* Task to complete: Reprint all entries without any alteration.

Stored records
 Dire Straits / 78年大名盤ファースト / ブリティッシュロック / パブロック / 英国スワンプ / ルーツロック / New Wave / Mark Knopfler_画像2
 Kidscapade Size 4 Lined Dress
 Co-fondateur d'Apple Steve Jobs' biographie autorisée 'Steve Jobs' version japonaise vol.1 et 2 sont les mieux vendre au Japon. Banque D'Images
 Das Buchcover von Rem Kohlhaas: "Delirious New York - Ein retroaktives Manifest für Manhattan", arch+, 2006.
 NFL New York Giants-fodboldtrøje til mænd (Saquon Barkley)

* Solution to this task:
 Dire Straits / 78年大名盤ファースト / ブリティッシュロック / パブロック / 英国スワンプ / ルーツロック / New Wave / Mark Knopfler_画像2
 Kidscapade Size 4 Lined Dress
 Co-fondateur d'Apple Steve Jobs' biographie autorisée 'Steve Jobs' version japonaise vol.1 et 2 sont les mieux vendre au Japon. Banque D'Images
 Das Buchcover von Rem Kohlhaas: "Delirious New York - Ein retroaktives Manifest für Manhattan", arch+, 2006.
 NFL New York Giants-fodboldtrøje til mænd (Saquon Barkley)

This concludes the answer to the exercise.